On Sun, 2005-12-04 at 18:13 +0100, Jo wrote:
> Alan Gutierrez wrote:
> 
> >I'd like to install SpamAssassin in Postfix to filter spam for a
> >Domino mail server. I'd like to use Bayesian filtering.
> >
> >How have people solved the problem of training the filter with user
> >feedback when SpamAssassin is running at the MTA?
> >
> >The idea I'm entertaining is wrapping spam messages, delivering them
> >as attachments, which SA will do already, and having a Reply-To
> >address of "mistakes@mail.domain.com", or if it is a false negative,
> >forward the unwrapped message to "mistakes@mail.domain.com".
> >
> >Then the MTA can teach SA that bit of mail.
> >
> >Any insight would be greatly appreciated.
> >
> >--
> >Alan Gutierrez - alan@engrm.com - http://engrm.com/blogometer
> >  
> >
> Hi Alan,
> 
> What you describe is exactly what we are doing here. 
> Postfix/Amavisd-new/Spamassassin filters the mail before it's relayed 
> onto the domino mail server. We created two extra mail boxes, one for 
> spam and one for ham. Two buttons were added to the user interface which 
> move the messages to these boxes respectively. Then we switched on POP 
> on the Notes server. We use kmail to fetch the mails and they 
> automagically get converted to the standard mailbox format again. (while 
> in Notes, they are stored in a proprietary Notes format). Once you 
> locate the kmail mailboxes it becomes trivial to write a script to 
> process them with sa-learn.
> A manual step is involved though. Maybe it's possible to automate it 
> entirely with another mail client instead of kmail. I like to have a 
> look at what people tag as spam though, before it gets learned.

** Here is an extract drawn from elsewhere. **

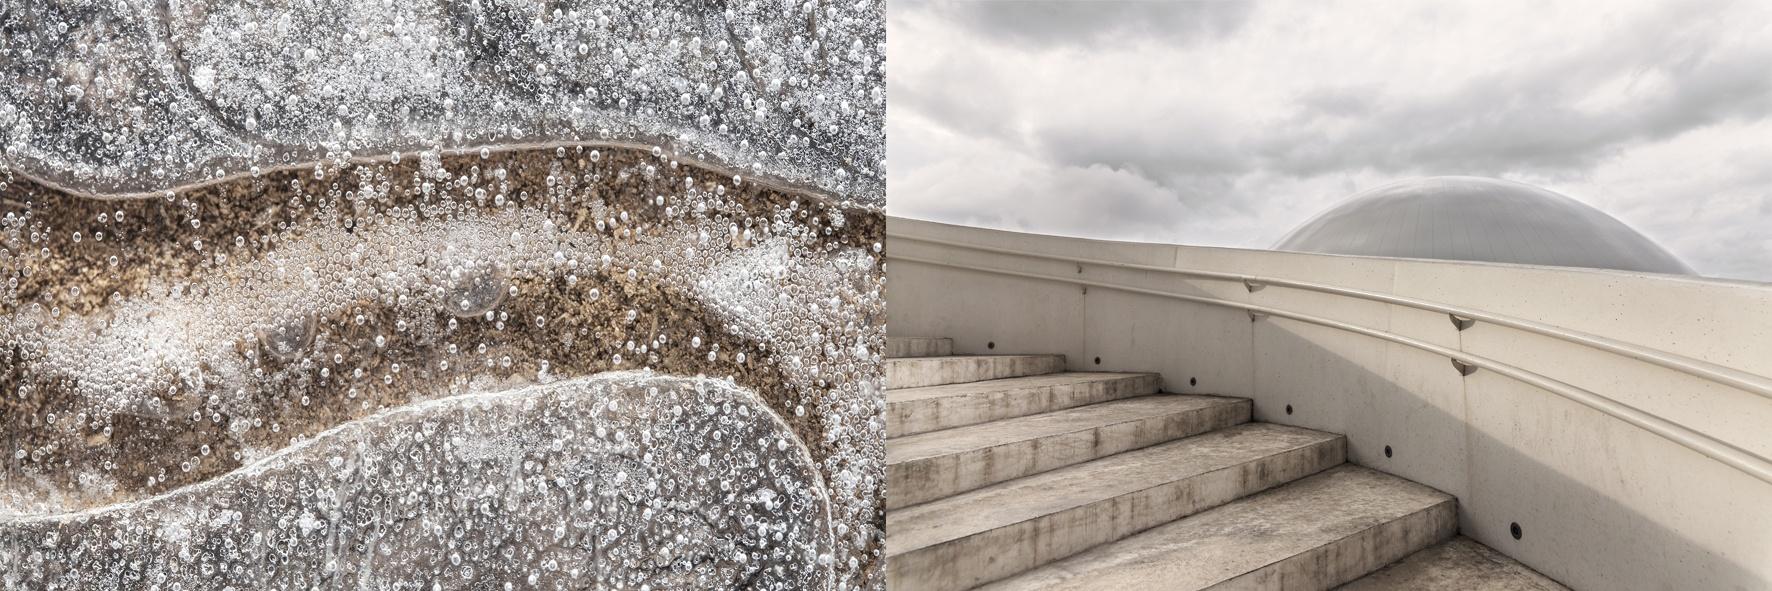 Barlovento - Como dos gotas de poesía   - Como dos gotas de poesía, fotografías de LaraBisbe
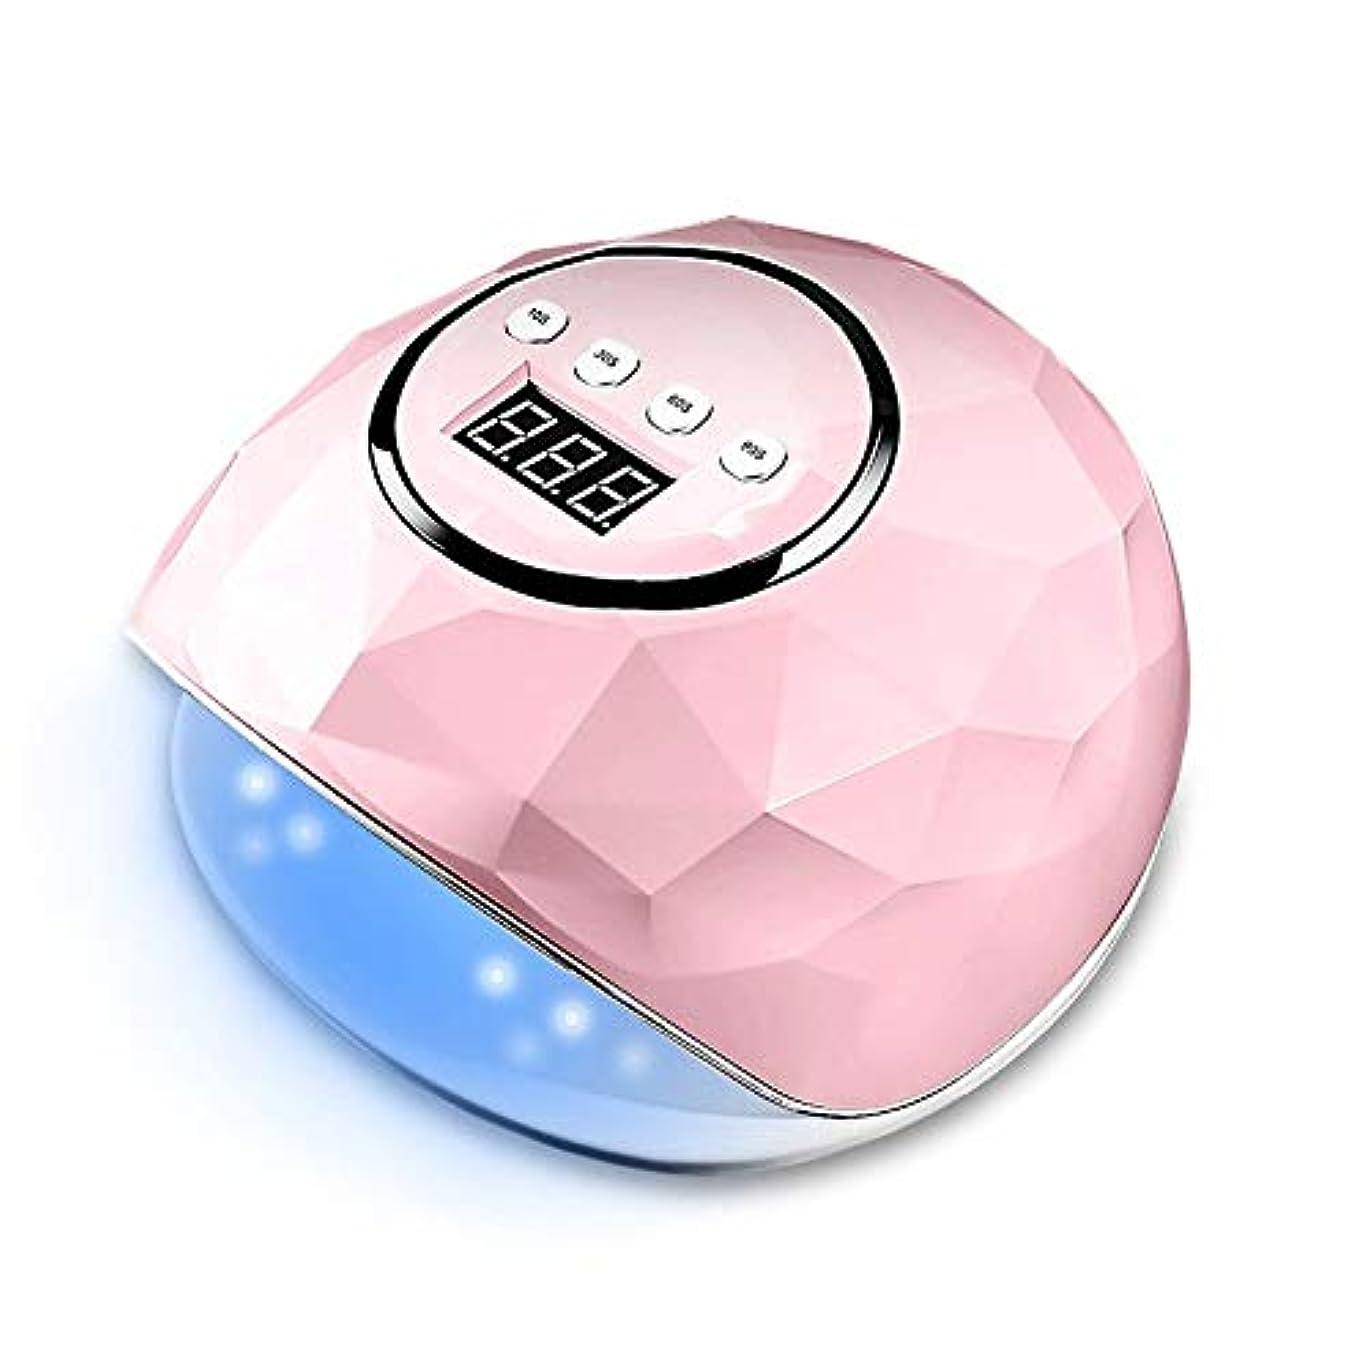 愛人話検体UV光LEDネイルドライヤージェルマニキュアおよびつま先ネイル硬化用自動硬化ランプ(自動センサー付き)(ピンク)

This is similar to what people do with MS Exchange servers. Check the
archives for "Exchange". To automate the process, you can use
'fetchmail' to retrieve the mail via POP or IMAP and send it to
sa-learn.

For example, in /etc/postfix/aliases, setup two aliases:

# For auto-learning spam/ham
spamlearn:      "|/usr/bin/sa-learn -u amavis --spam --no-sync"
hamlearn:       "|/usr/bin/sa-learn -u amavis --ham --no-sync"

Then in /etc/crontab:

15 * * * * root /usr/bin/fetchmail -s -f /etc/postfix/fetchmail-ham
45 * * * * root /usr/bin/fetchmail -s -f /etc/postfix/fetchmail-spam

The fetchmail scripts look like this:

# Configuration created Thu Dec  4 10:00:49 PST 2003
set no bouncemail
set no spambounce
set properties ""
defaults proto imap
poll mymail.server proto imap
 user "myuser" pass "mypasswd"
  is spamlearn here folder "spammailbox" fetchall no rewrite

This combination will run fetchmail once an hour, grab mail from
spammailbox on mymail.server and send to spamlearn on the filter
box, which in turn gets passed to sa-learn via the aliases file.